Nel 1953 venne pubblicato il libro di Mario Rigoni Stern che ha forse più segnato la sua fama in Italia, Il sergente nella neve, scritto nel 1944, durante il periodo trascorso dall’alpino di Asiago in un lager tedesco durante la ritirata dalla campagna di Russia.
Il Sergente ha certamente un ruolo centrale nella formazione letteraria di ogni italiano: esso viene consigliato come lettura ed è considerato, ormai, un classico. Tuttavia, il libro viene forse fatto leggere troppo presto: molti di noi l’hanno letto alle medie, considerandolo un passo obbligato, sapendo che è una di quelle opere che “vanno lette” ma senza coglierne, per l’età troppo giovane, il significato e la portata.
Come narrato dallo stesso Rigoni molti anni dopo la pubblicazione del libro, il Sergente non ebbe, alla sua uscita, un’accoglienza unanime e unanimemente positiva; anzi, diversi critici, figli di un’idea estetico-letteraria che teneva in alta considerazione la raffinatezza della lingua e la liricità della prosa, contestarono la lingua troppo rozza, e l’uso scorretto di determinati vocaboli, come, ad esempio, «il lepre».
Queste critiche non colgono il punto, né tengono conto del fatto che Rigoni non era, all’epoca, uno scrittore, e che questo è uno dei motivi per cui il suo resoconto è tanto più valido e pregnante.
Il Sergente narra, con semplicità e immediatezza, da un punto di vista interno e vissuto, la disastrosa spedizione italiana sul Don, manifestando la sofferenza fisica e psicologica sperimentata dai soldati nelle tane e in trincea, la tensione, lo scoramento, il disagio e la sfiducia rampante nei confronti della buona riuscita di un’impresa destinata sul nascere a fallire.

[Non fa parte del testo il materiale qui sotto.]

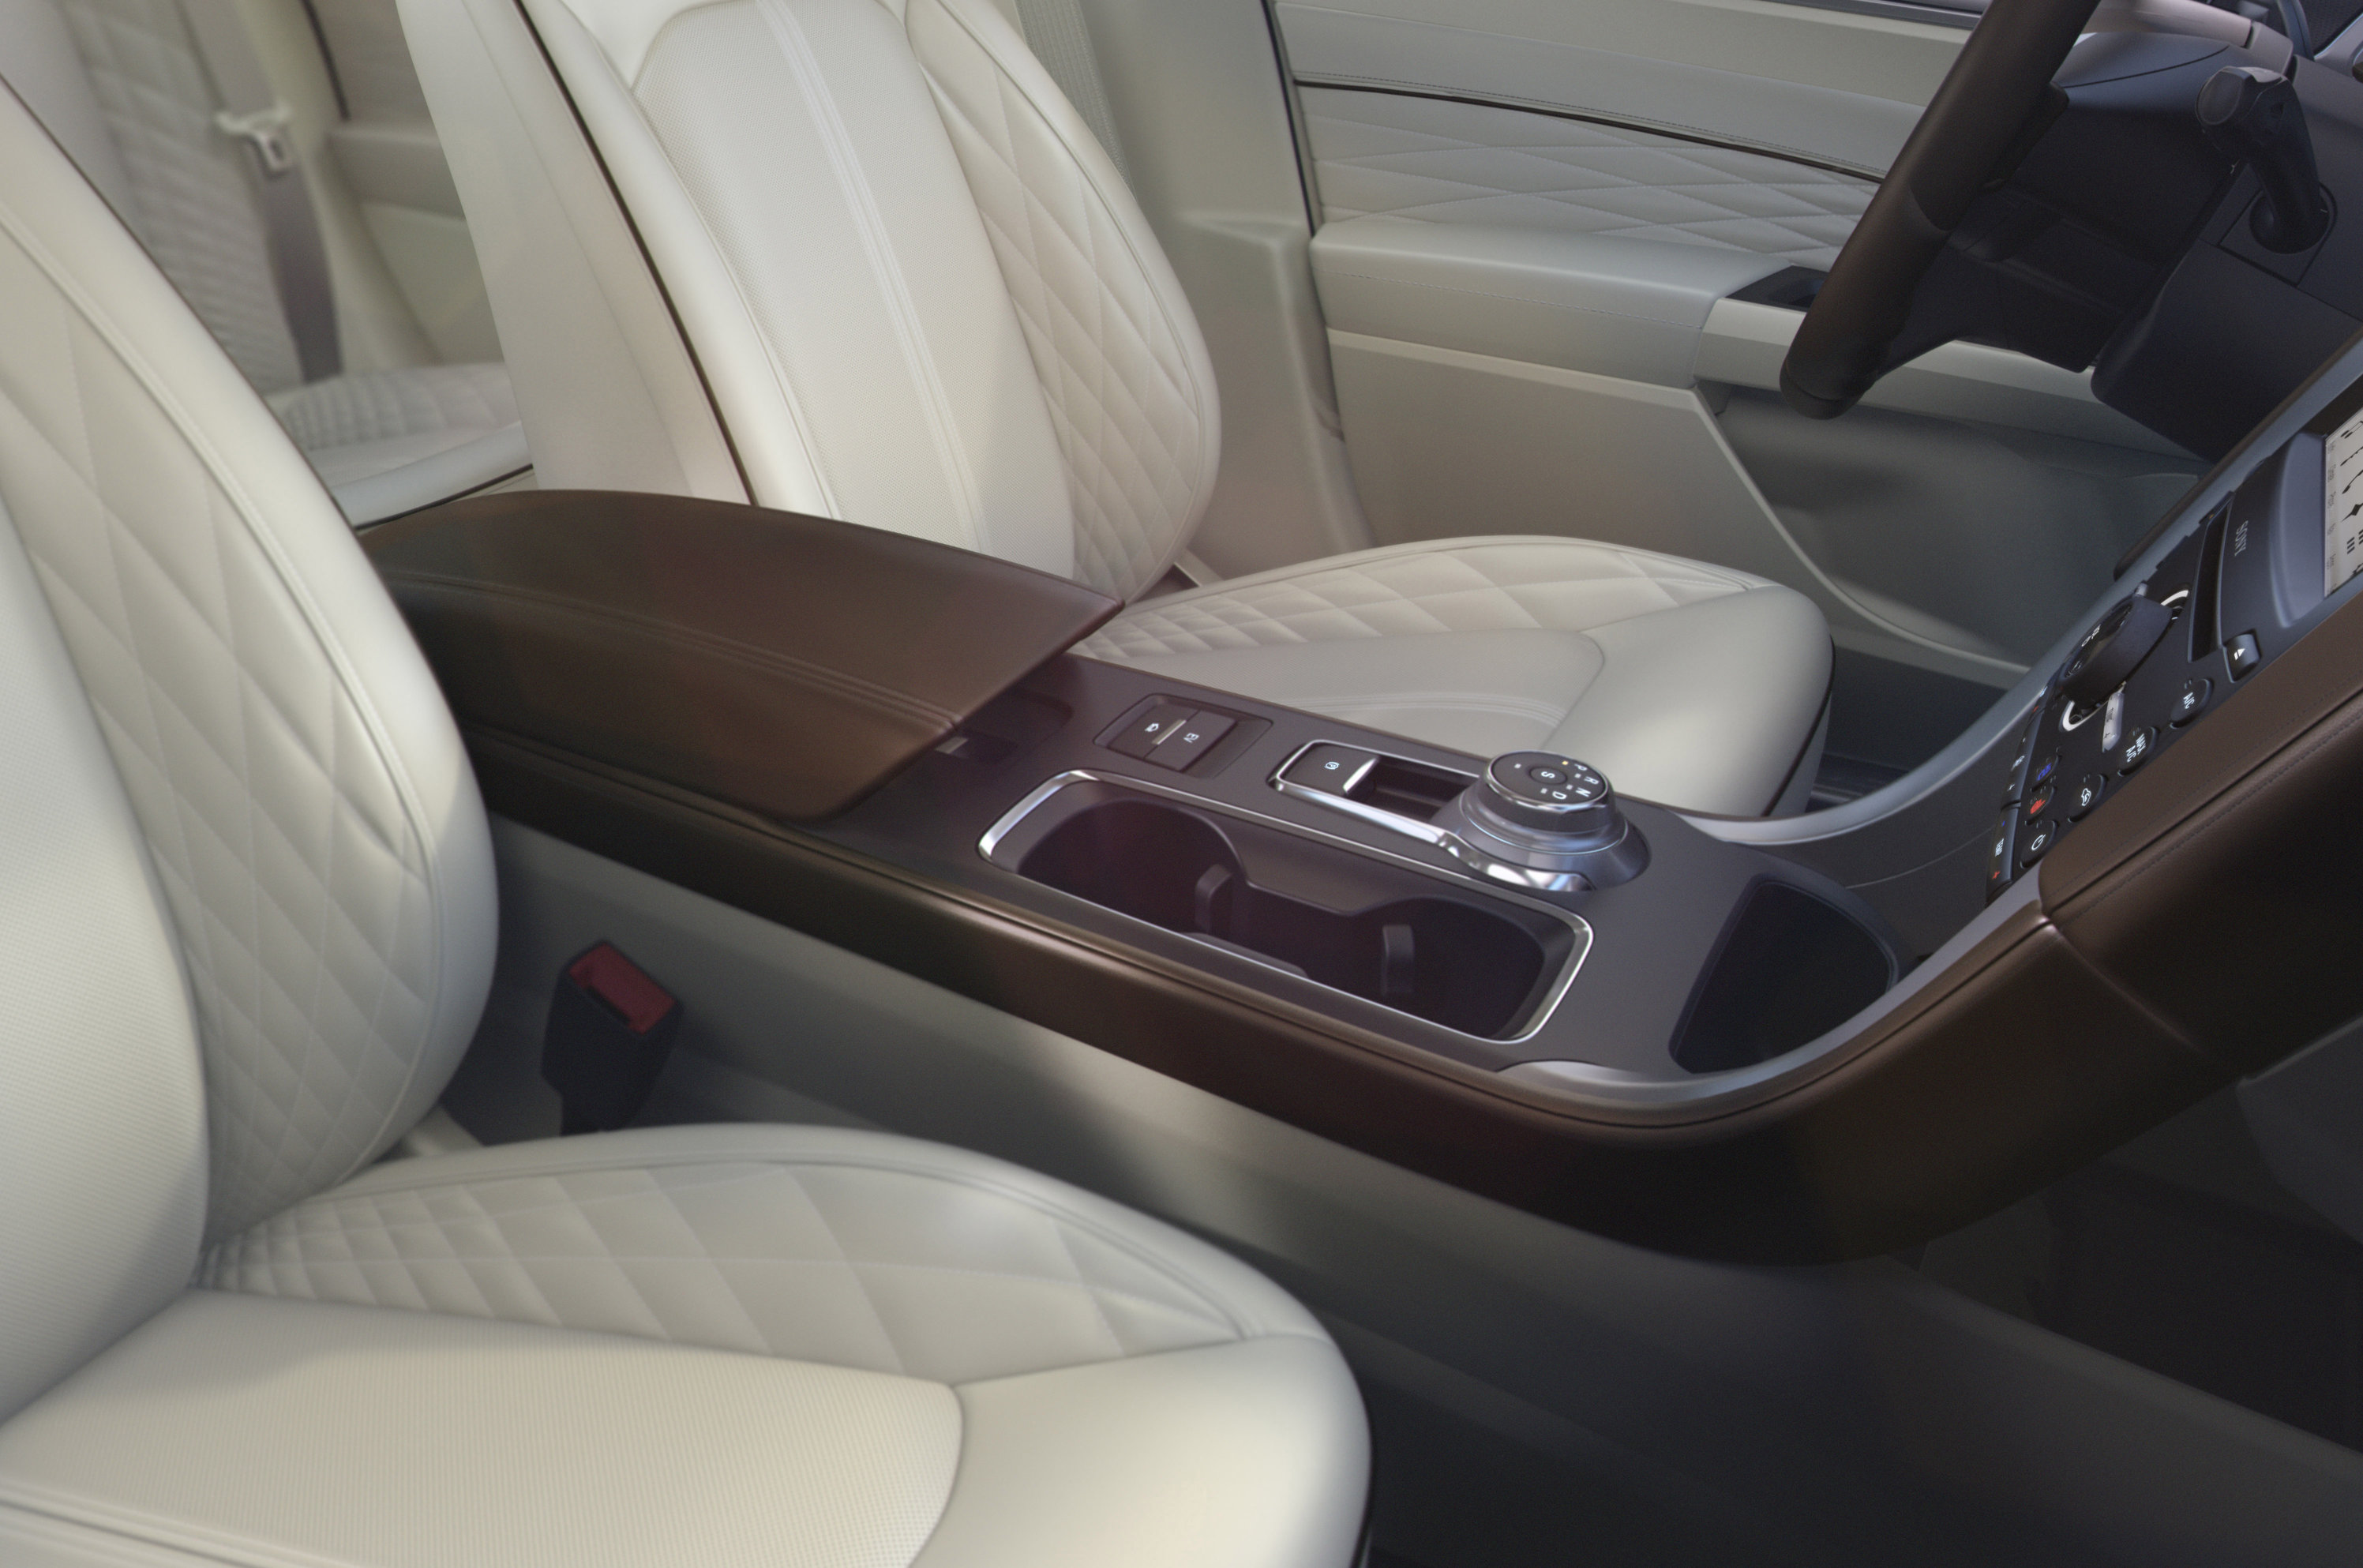 The center console of the new 2017 Ford Fusion includes a rotary gear shift dial and two relocated cup-holders.

Per leggere il Sergente, è necessaria una qualche conoscenza del contesto storico, dello sviluppo delle operazioni della Seconda guerra mondiale, perché l’opera non è un libro di storia; è, invece, un libro della vita che esemplifica e al contempo approfondisce un contesto che siamo abituati a considerare lontano, impresso sulle pagine dei manuali, storicizzato.
Rigoni dà volto ai propri personaggi, li chiama per nome e soprannome, ne riporta le imprecazioni e le divergenze dialettali, perché essi sono realmente persone, sue conoscenze.
Il sergente nella neve, una volta letto in giovane età, andrebbe riletto in età adulta, per poterne apprezzare la complessità emotiva e per poter cogliere in pieno le sensazioni crude, perché pienamente reali, che un’opera non di finzione sa dare.